Combating waterborne illnesses: Chlorine is not enough!
It is estimated that globally close to 85 million people visit a water park annually. According to Statista, as of 2019, there are about 1,158 water parks in the United States alone, of which 817 are Outdoor parks, 155 are indoor resorts, 111 are stand-alone indoor water parks and the remaining 75 are resorts with outdoor water parks. Given the high foot traffic experienced by them, each state and city across the US has their own set of codes and guidelines (https://www.cdc.gov/healthywater/swimming/states.html) to be followed for building and maintenance of recreational water parks and splash pads. In order to formulate adequate safety conditions, the various public health departments and city officials rely on the Model Aquatic Health Code (MAHC) for guidance.
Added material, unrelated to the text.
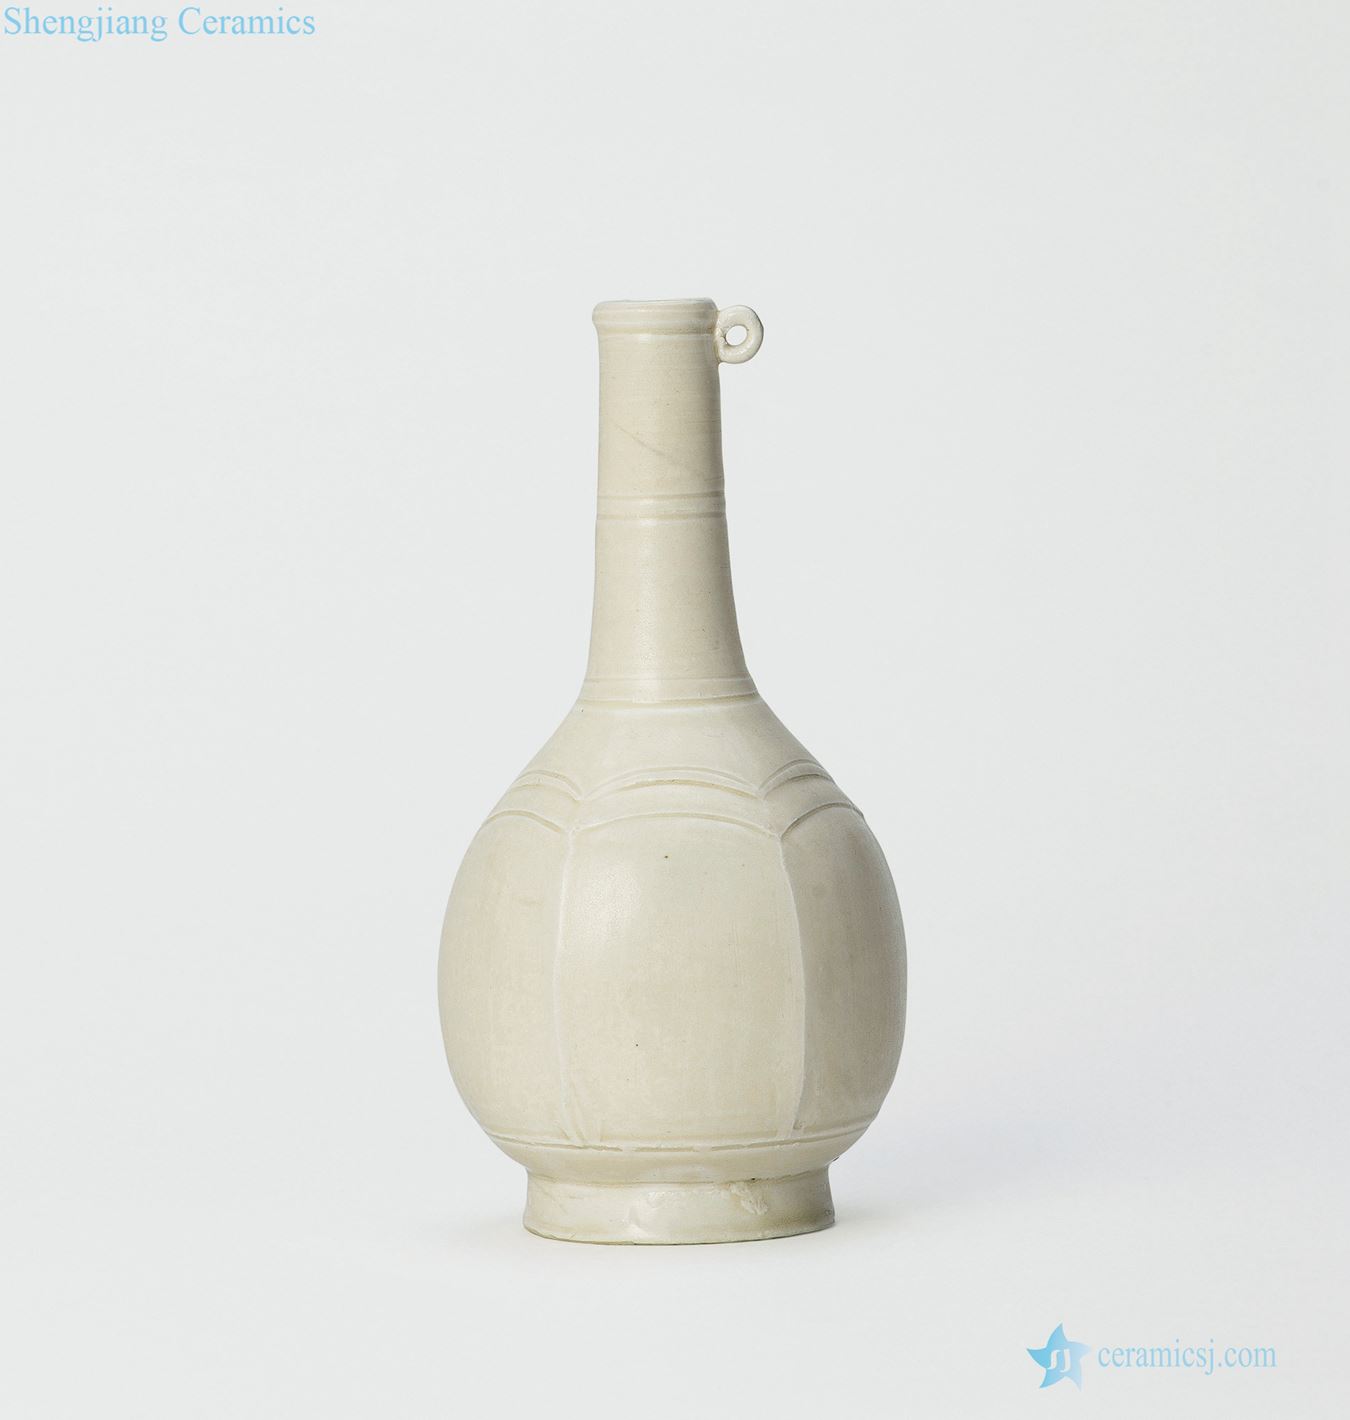 The early northern song dynasty kiln is a vase

The MAHC was formulated as a result of a 7-year long collaboration between CDC, public health officials, aquatics sector experts, and researchers across the US. The first edition of this code was released in 2014 and included guidelines on the design, construction, operation, maintenance, policies, and management of public aquatic facilities. Besides avoiding accidents, a major provision of the MAHC is centred around management of pool water contamination and waterborne illnesses.
Recreational Water Illness (RWI) accounted for at least 27,253 cases and ten deaths as a result of 498 outbreaks nationwide during 2000-2014. Of these, 363 outbreaks had a confirmed infectious etiology resulting in 24,453 cases: 89% infected by Cryptosporidium, 4% by Pseudomonas, and 3% by Legionella. Predominantly RWIs are caused by either ingesting contaminated water or coming in contact with harmful pool chemicals. The illness can range from minor rashes to severe gastrointestinal and respiratory infections.
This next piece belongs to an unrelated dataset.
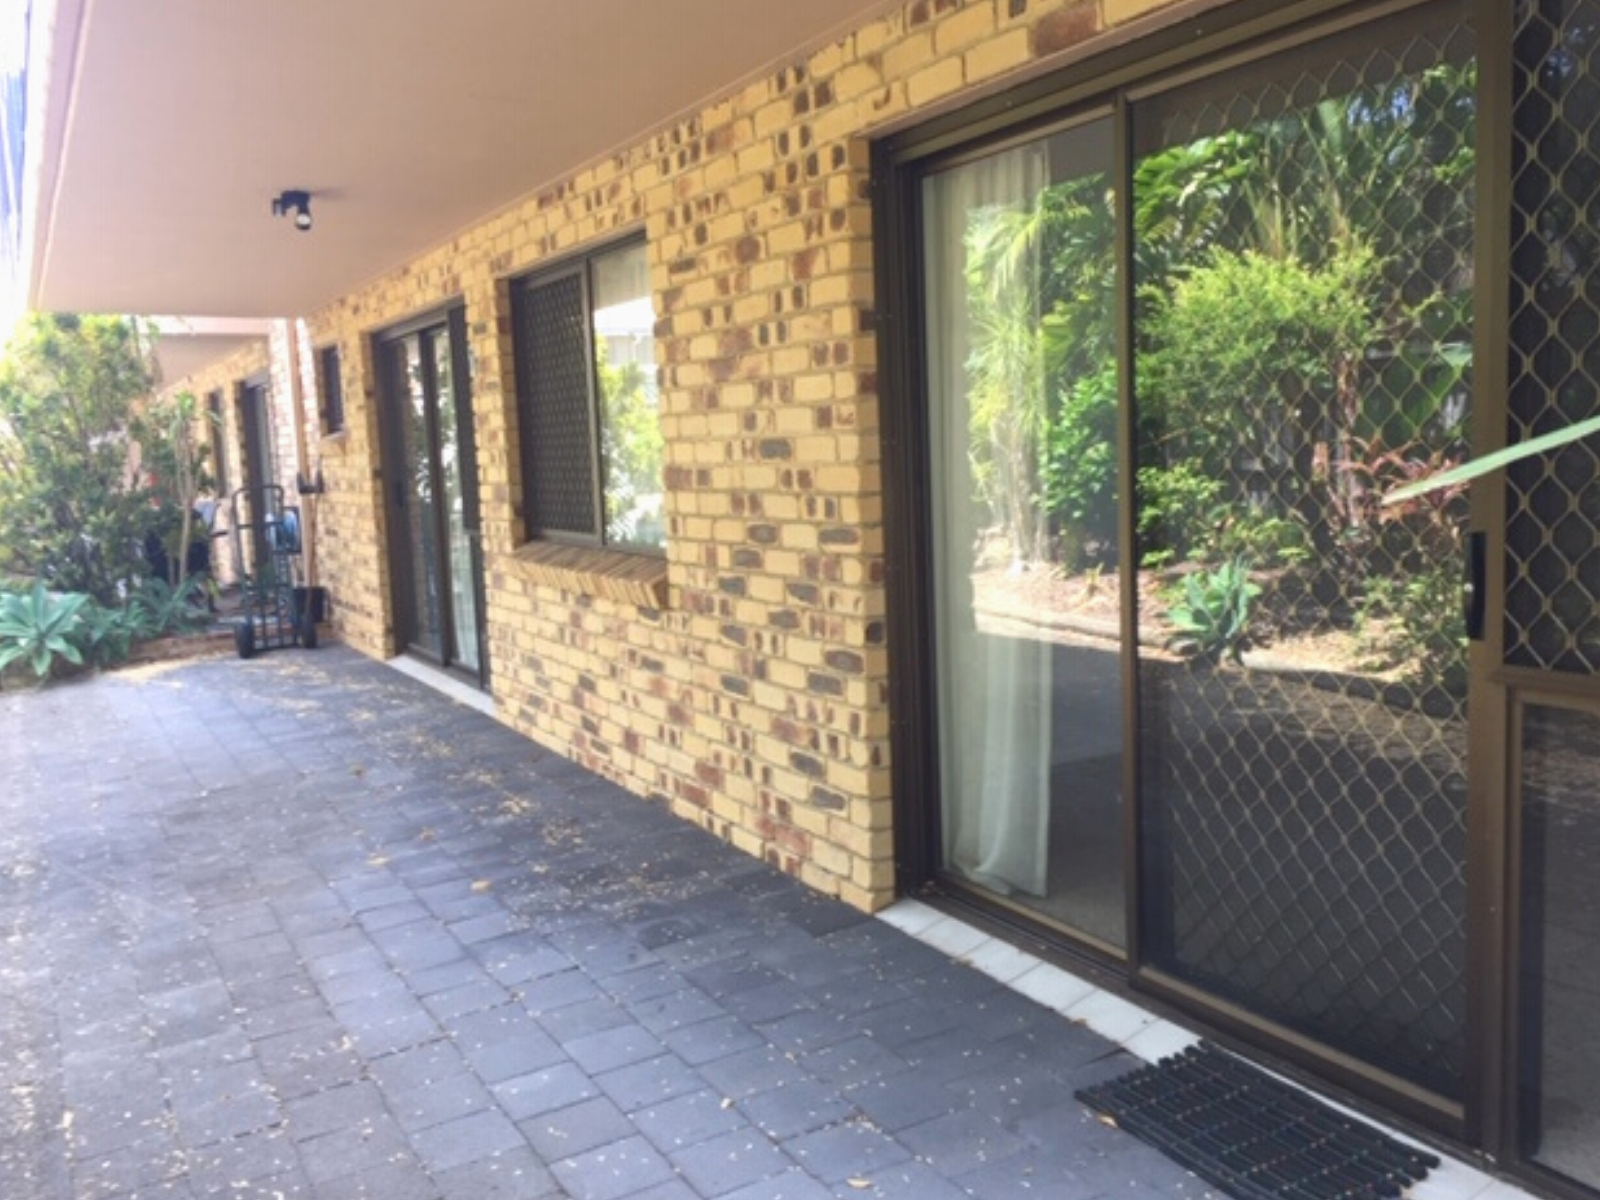 Ballina-Kokoda-Village-Unit-7-Front | RSL LifeCare - provide care and service to war veterans, retirement villages and accommodation, aged care services and assisted living

The various state public health bodies voluntarily report RWI cases to the CDC. Once an outbreak is confirmed, the information is registered in the National Outbreak Reporting System (NORS) and the Waterborne Disease and Outbreak Surveillance System (WBDOSS). Since RWIs pose a grave danger to the health of the general public, the CDC places immense value on prevention of contamination. As a result, MAHC lays out clear guidelines on staff trainings, frequent manual testing, standardization of automatic controllers, and the use of adequately sized chemical feeders (based on the size and type of the recreational facility). Further, the CDC strongly advises the incorporation of a Contamination Response Plan (for contamination by faeces, vomit and/or blood) as a vital part of the administrative procedures of a facility.
The only way water parks and splash pads can keep RWIs at bay is by adequately cleaning and disinfecting the water and by regularly maintaining the pool equipment. The first line of defence against pathogens is the use of chlorine-based disinfectants. The right amount of chlorine in combination with the correct water pH can kill most harmful pathogens. However, chlorine resistant pathogens, such as Cryptosporidium, can survive for days even in an adequately disinfected pool. As a result, it is important to add supplementary methods for keeping the water clean.
Aquatic facilities use efficient water filtration systems that run several cycles of the pool water to maintain good water quality. However, as per MAHC, filtration systems shouldn’t just make the water appear clean. Instead, they should effectively remove pathogens as well. The fact that an accidental faecal contamination might overwhelm the disinfectant residual, makes the use of a powerful filtration system a critical requirement for RWI prevention. In this space, high-rate sand filters have been found to be effective barriers for Cryptosporidium oocysts.
The Model Aquatic Health Code further stresses the need for a secondary disinfection system, given the rise in RWI outbreaks caused by disinfectant tolerant parasites. The intent is to minimize the exposure time to harmful pathogens. Two such secondary systems advised by the MAHC are Ultraviolet (UV) based and Ozone based systems. Utilizing UV for the treatment of 100% of the recirculated water flow has been found to be extremely beneficial in reducing viable Cryptosporidium oocysts to below infectious levels. UV rays kill microorganisms by altering their DNA structure and interfering with cell growth. Incorporating a high dose UV beam in combination with a water filtration system can prove to be a necessary secondary line of defence for combating harmful pathogens and controlling RWI outbreaks.